● Raw data:
Content starts

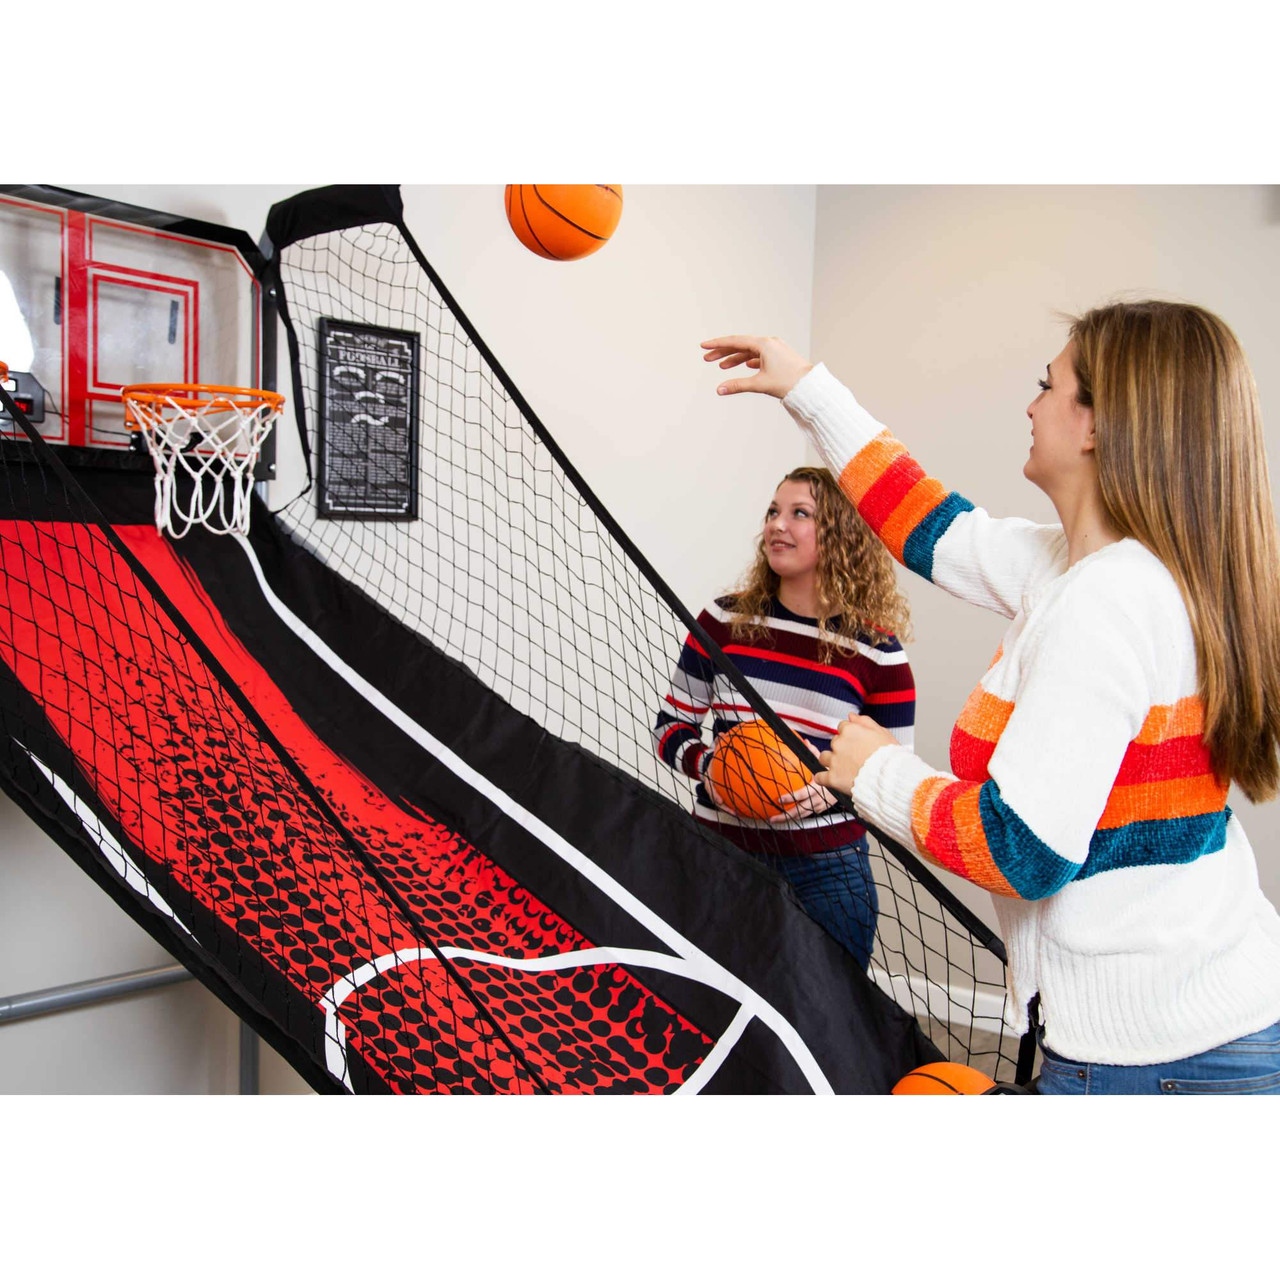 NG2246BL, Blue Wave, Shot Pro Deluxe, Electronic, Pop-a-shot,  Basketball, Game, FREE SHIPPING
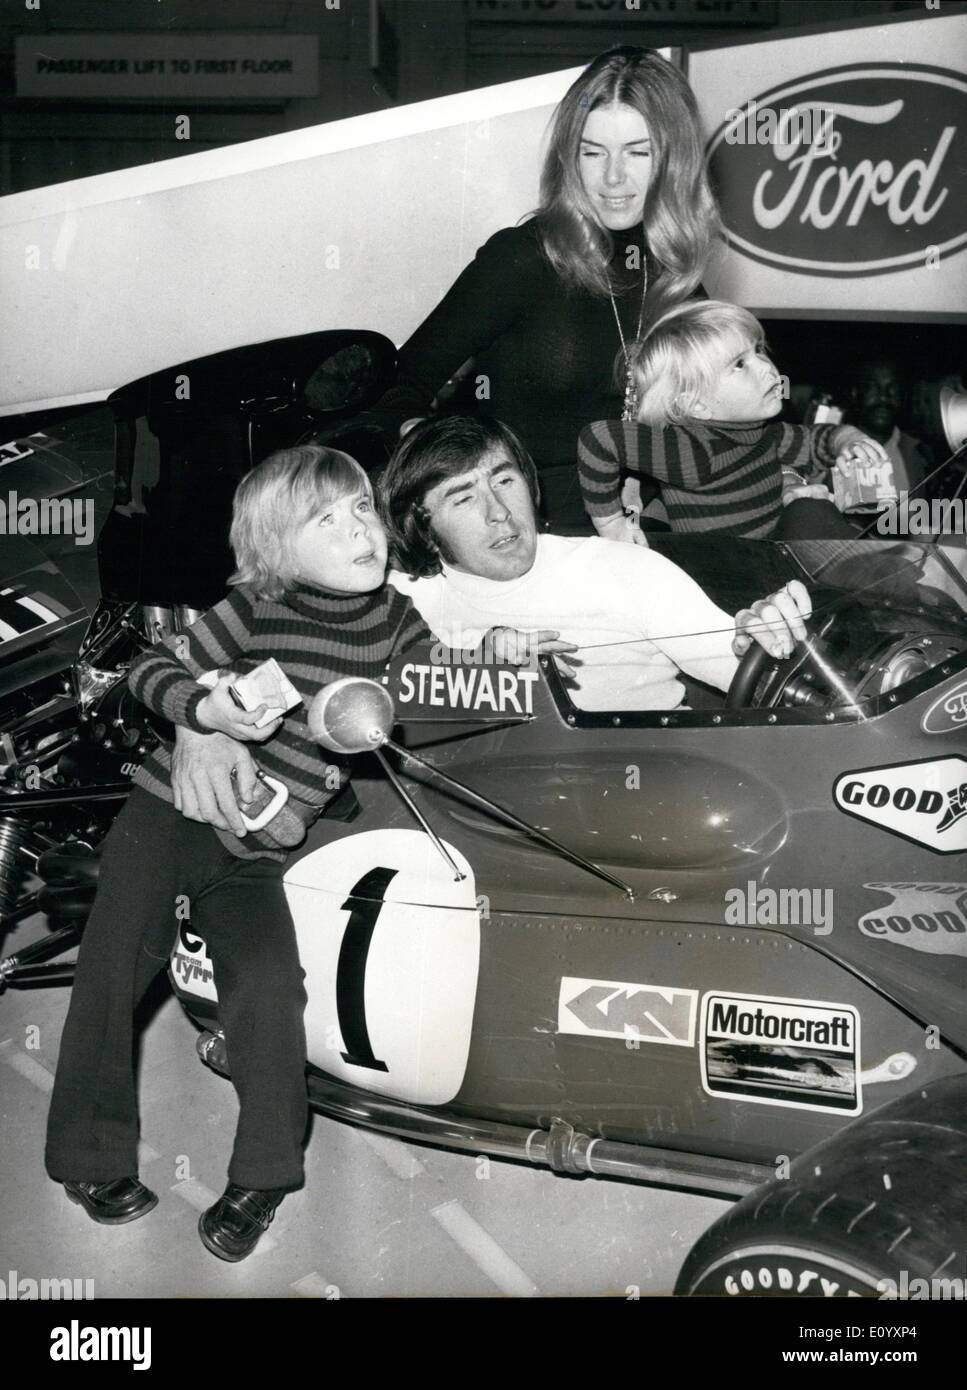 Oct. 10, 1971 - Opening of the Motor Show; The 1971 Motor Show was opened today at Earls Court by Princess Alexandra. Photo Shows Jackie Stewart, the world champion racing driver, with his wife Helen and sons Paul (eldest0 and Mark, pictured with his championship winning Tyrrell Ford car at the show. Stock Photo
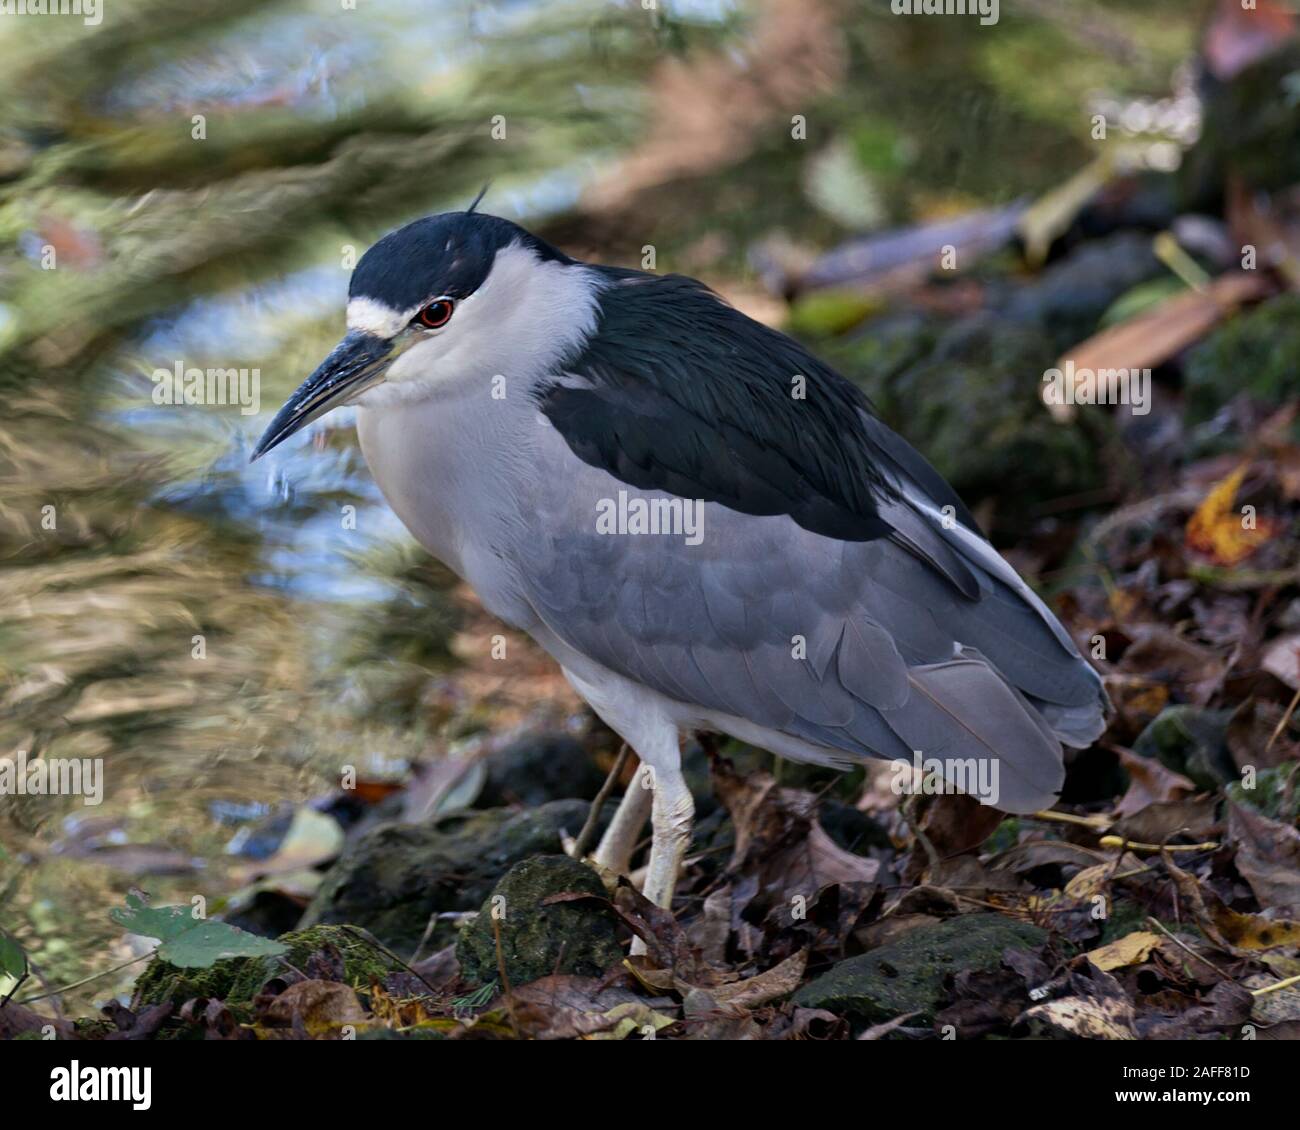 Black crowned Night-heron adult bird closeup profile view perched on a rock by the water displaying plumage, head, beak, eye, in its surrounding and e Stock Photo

Content ends

● Directions: Write each line exactly as it appears, from the line that holds "Oct. 10, 1971" through the closing line of the data above, and leave every picture out.

● Solution to this problem:
 Oct. 10, 1971 - Opening of the Motor Show; The 1971 Motor Show was opened today at Earls Court by Princess Alexandra. Photo Shows Jackie Stewart, the world champion racing driver, with his wife Helen and sons Paul (eldest0 and Mark, pictured with his championship winning Tyrrell Ford car at the show. Stock Photo
 Black crowned Night-heron adult bird closeup profile view perched on a rock by the water displaying plumage, head, beak, eye, in its surrounding and e Stock Photo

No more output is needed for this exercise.